Microsoft’s documentation and samples suggest to register an application and obtain a permanent(?) access token, but for our purpose this looked like an overcomplicated overkill, while quickly getting a temporary access token in a manner that is described above was much easier.

Some queries examples

Knowing users e-mails (or GUIDs), you can query quite a lot of information about them. Perhaps, in your case this might be restricted by your company’s Office 365 / Azure AD administrators, but I think this is the same information that is available when you hover over a user profile in Outlook or Teams clients, so chances are that this kind of data is always available to anyone (within your organization, of course).

Get user by e-mail

$ curl "https://graph.microsoft.com/v1.0/users('someone@our-company.com')" \
     -H 'Authorization: Bearer HERE-GOES-THE-BEARER-TOKEN-VALUE'

From there you can get the user id (which is his GUID) and use it for the other queries (or just continue to use the e-mail).

Get user’s manager

$ curl "https://graph.microsoft.com/v1.0/users/USER-EMAIL-OR-GUID-HERE/manager" \
     -H 'Authorization: Bearer HERE-GOES-THE-BEARER-TOKEN-VALUE'

Get user’s full managers chain

curl "https://graph.microsoft.com/v1.0/users/USER-EMAIL-OR-GUID-HERE?$expand=manager($levels%3Dmax%3B$select%3Dmail)&$select=id,displayName&$count=true" \
     -H 'Authorization: Bearer HERE-GOES-THE-BEARER-TOKEN-VALUE' \
     -H 'ConsistencyLevel: eventual'

Get a selected set of user’s properties

Specified user’s properties and his manager:

curl "https://graph.microsoft.com/v1.0/users/USER-EMAIL-OR-GUID-HERE?$select=id,mail,displayName,createdDateTime,country,city,usageLocation,officeLocation,companyName,department,jobTitle&$expand=manager($select%3Did,mail,displayName)" \
     -H 'Authorization: Bearer HERE-GOES-THE-BEARER-TOKEN-VALUE'

This is the query that we’ll be using below for fetching users data.

Get all user’s groups

$ curl "https://graph.microsoft.com/v1.0/users/USER-EMAIL-OR-GUID-HERE/memberOf/microsoft.graph.group?$count=true&$orderby=displayName&$select=id,displayName" \
     -H 'Authorization: Bearer HERE-GOES-THE-BEARER-TOKEN-VALUE' \
     -H 'ConsistencyLevel: eventual'

Get only meaningful user’s groups

$ curl -X "POST" "https://graph.microsoft.com/v1.0/users/USER-EMAIL-OR-GUID-HERE/getMemberGroups" \
     -H 'Authorization: Bearer HERE-GOES-THE-BEARER-TOKEN-VALUE' \
     -H 'Content-Type: application/json; charset=utf-8' \
     -d $'{"securityEnabledOnly": true}'

Fetching information about users

The querying of users data can be performed like this:

import sys
import json
import time
import pandas
import pandera
import pathlib
import requests
# common auxiliary module
import etc

argc = len(sys.argv)
if argc < 2 or argc > 2:
    raise SystemExit(
        " ".join((
            "[ERROR] Expected the path to text file (.txt) with e-mails",
            "(and nothing else)"
        ))
    )

txtFile = pathlib.Path(sys.argv[1])
if txtFile.suffix != ".txt":
    raise SystemExit("[ERROR] That doesn't look like a .txt file")
if not txtFile.is_file():
    raise SystemExit("[ERROR] There is no such file")

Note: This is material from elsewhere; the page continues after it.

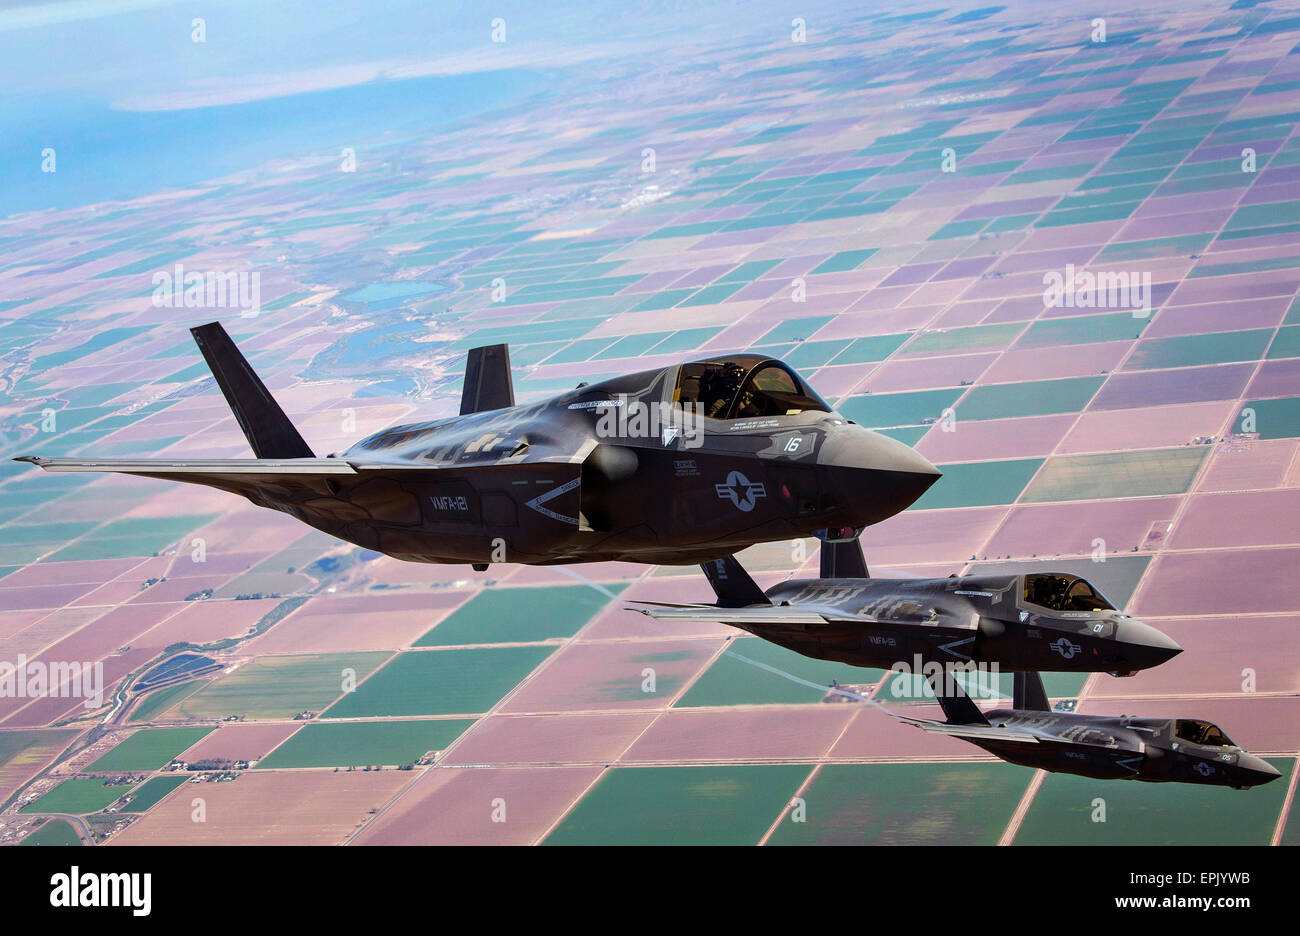 U.S. Marine Corps F-35B Lightning II Joint Strike Fighters fly in formation during fixed-wing aerial refueling training exercise August 27, 2013 over eastern California. Stock Photo
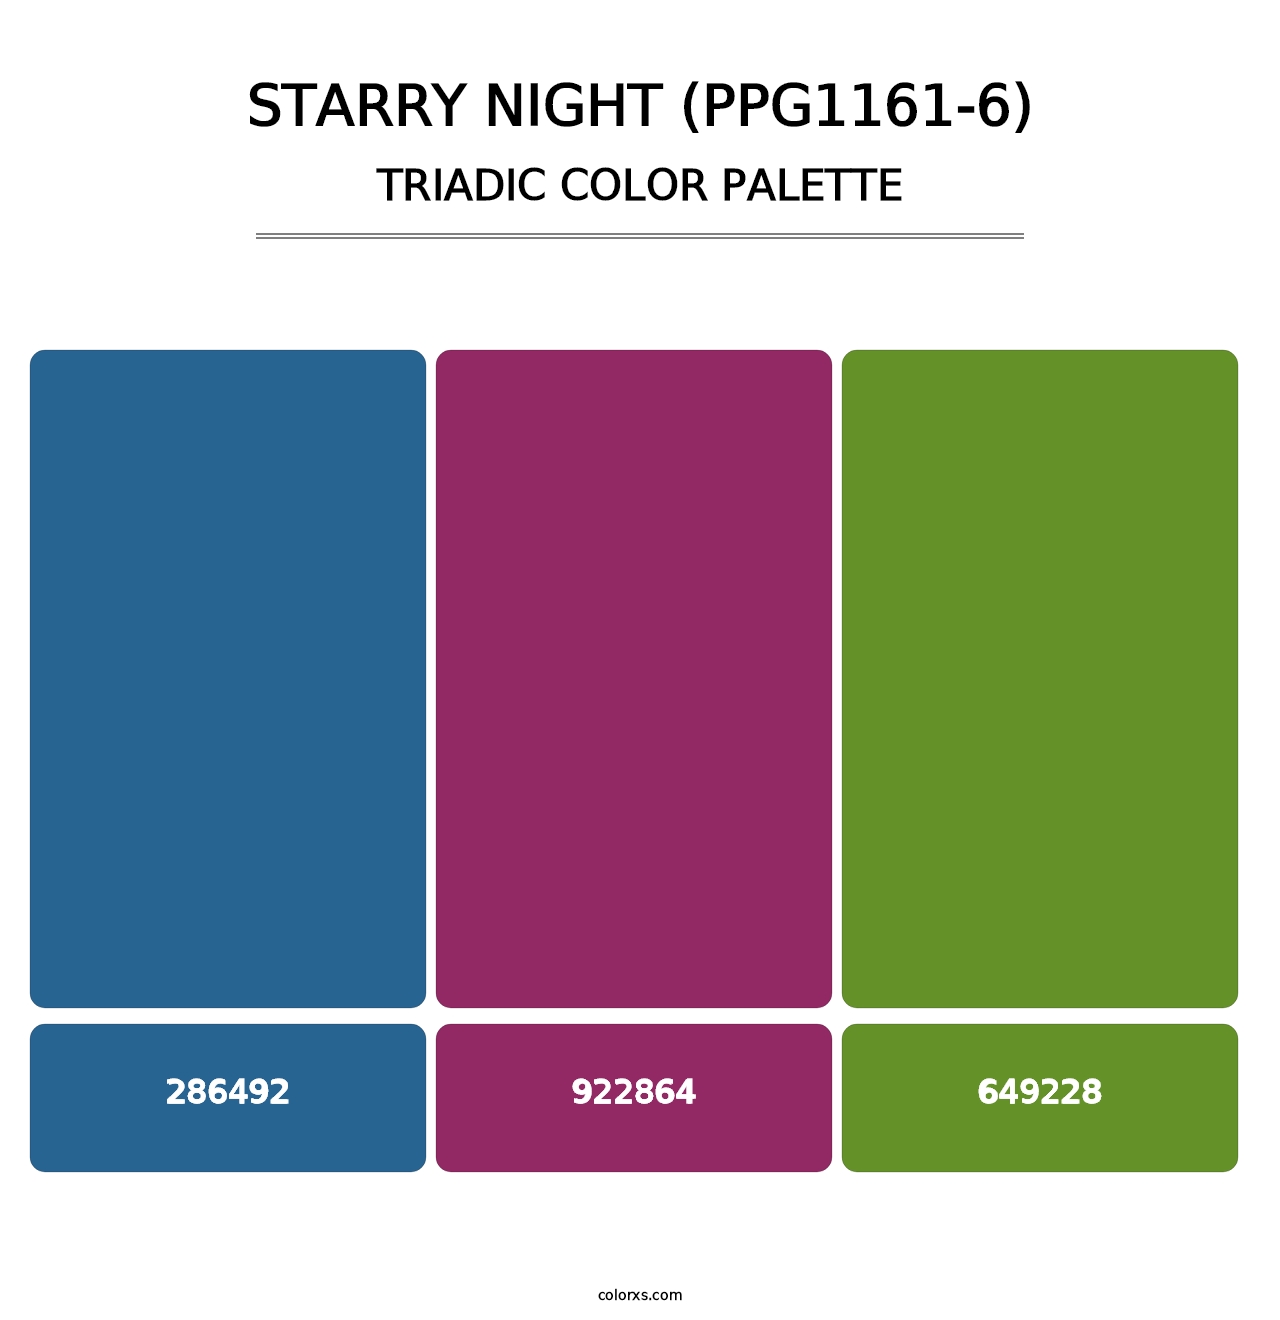 Starry Night (PPG1161-6) - Triadic Color Palette

microsoftGraphAPI = "https://graph.microsoft.com/v1.0"
# you can get token from https://developer.microsoft.com/en-us/graph/graph-explorer
authHeader = "Bearer TOKEN-HERE"

emails = []
with open(txtFile, "r") as f:
    emails = f.read().splitlines()
# print(emails)
emailsCnt = len(emails)

# this is entirely optional, just some attempts to enforce types safety,
# you most likely will be fine without it
usersTableSchema = pandera.DataFrameSchema(
    {
        "id": pandera.Column(str),
        "mail": pandera.Column(str),
        "displayName": pandera.Column(str, nullable=True),
        "createdDateTime": pandera.Column(str, nullable=True),
        "country": pandera.Column(str, nullable=True),
        "city": pandera.Column(str, nullable=True),
        "usageLocation": pandera.Column(str, nullable=True),
        "officeLocation": pandera.Column(str, nullable=True),
        "companyName": pandera.Column(str, nullable=True),
        "department": pandera.Column(str, nullable=True),
        "jobTitle": pandera.Column(str, nullable=True),
        "managerID": pandera.Column(str, nullable=True),
        "managerMail": pandera.Column(str, nullable=True),
        "managerDisplayName": pandera.Column(str, nullable=True)
    }
)
usersTable = pandas.DataFrame()

failedLookup = []

cnt = 0
successfulCnt = 0
ignoredCnt = 0
for email in emails:
    print("---")
    cnt += 1
    print(f"[{cnt}/{emailsCnt}] Looking up {email}...")
    if etc.shouldIgnoreThatUser(email):
        ignoredCnt += 1
        print("That is our team member, skipping")
        continue
    microsoftGraphRequest = requests.get(
        "".join((
            f"{microsoftGraphAPI}/users('{email}')",
            "?$select=id,mail,displayName,createdDateTime,country,city,",
            "usageLocation,officeLocation,companyName,department,jobTitle",
            "&$expand=manager($select=id,mail,displayName)"
        )),
        headers={"Authorization": authHeader}
    )
    if microsoftGraphRequest.status_code != 200:
        print(
            " ".join((
                "[ERROR] Request failed, status code:",
                str(microsoftGraphRequest.status_code)
            ))
        )
        failedLookup.append(email)
    else:
        successfulCnt += 1
        userData = microsoftGraphRequest.json()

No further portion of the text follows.